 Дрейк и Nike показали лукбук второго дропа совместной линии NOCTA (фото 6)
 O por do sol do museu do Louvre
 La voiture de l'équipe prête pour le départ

+---+

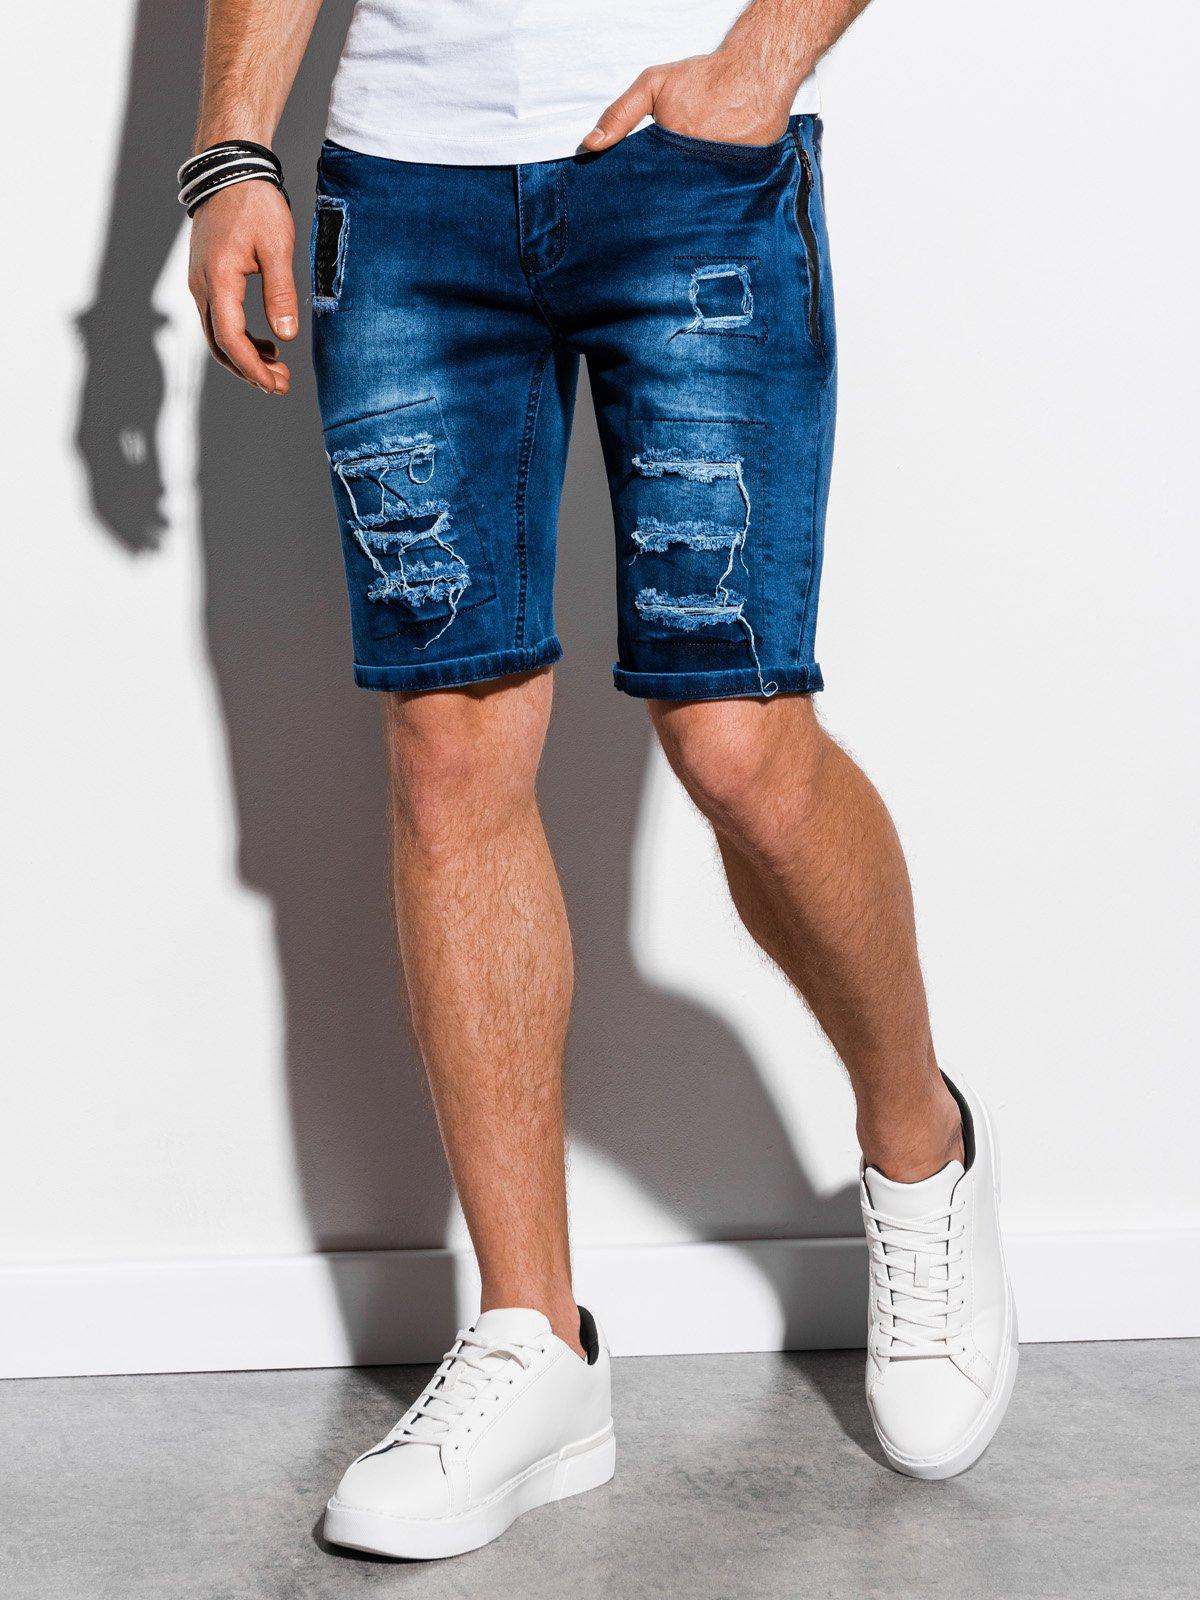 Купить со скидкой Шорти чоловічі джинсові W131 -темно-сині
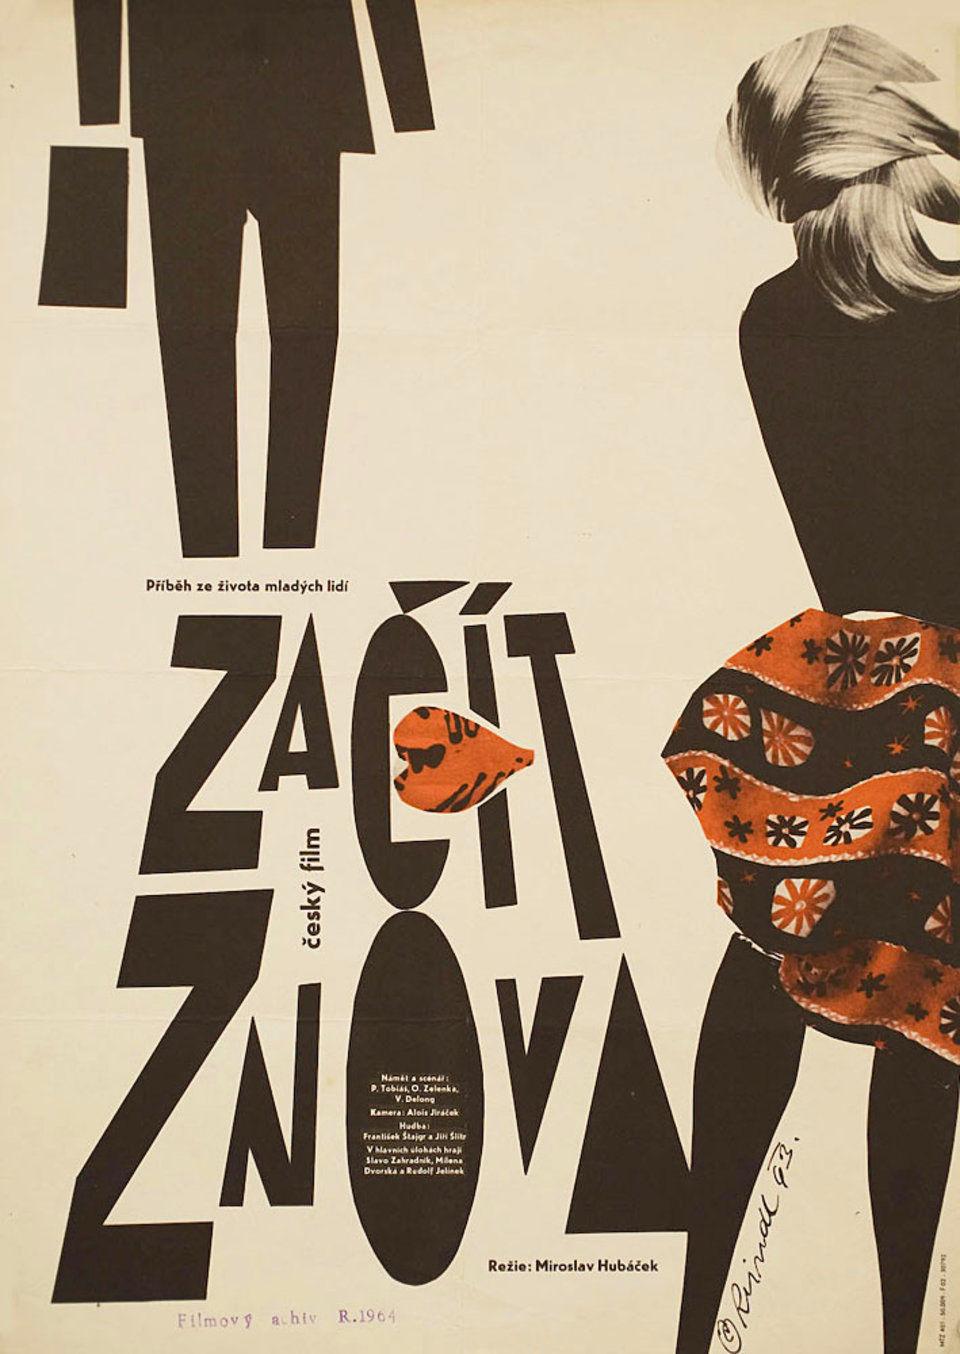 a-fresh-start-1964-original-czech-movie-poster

+---+

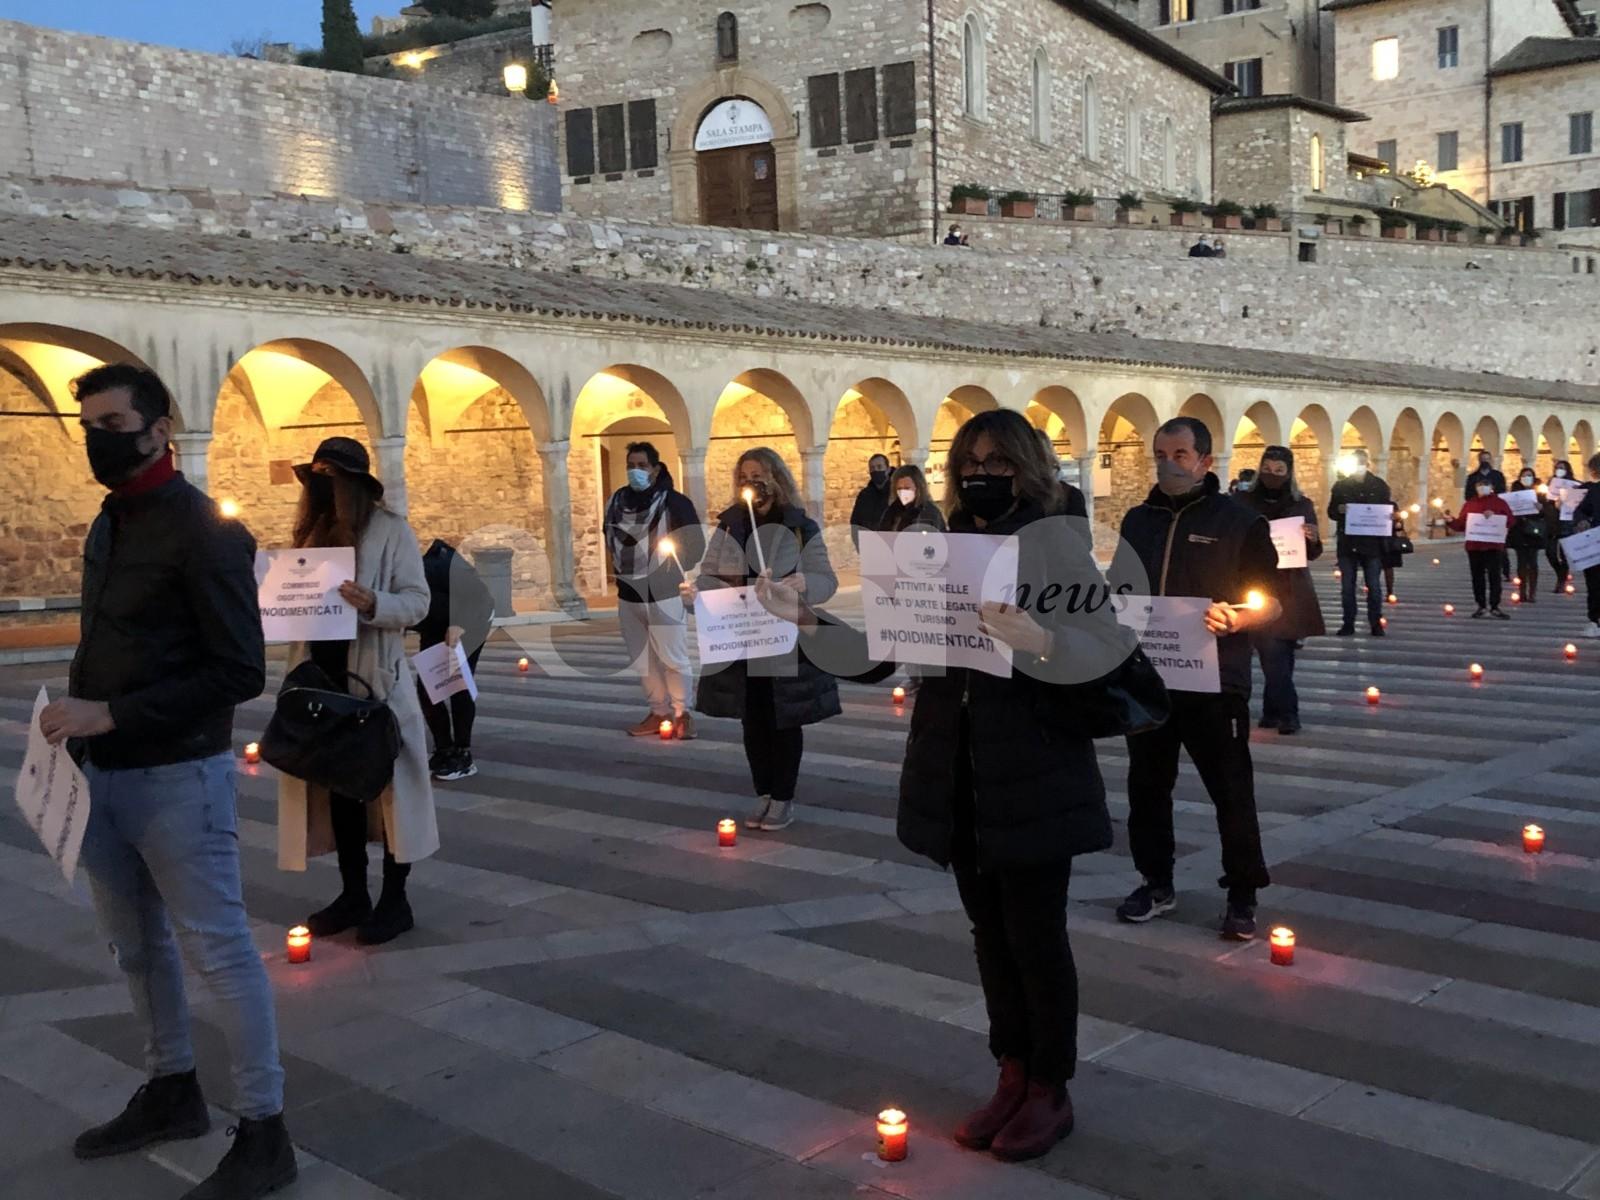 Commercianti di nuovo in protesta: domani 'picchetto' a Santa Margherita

+---+

§ **TASK**:
Produce only the lines from the line containing "Дрейк и Nike" through the line containing "La voiture de l'équipe prête pour le départ", inclusive of both, exactly as they stand in the entries above.

§ **FINISHED EXERCISE**:
 Дрейк и Nike показали лукбук второго дропа совместной линии NOCTA (фото 6)
 O por do sol do museu do Louvre
 La voiture de l'équipe prête pour le départ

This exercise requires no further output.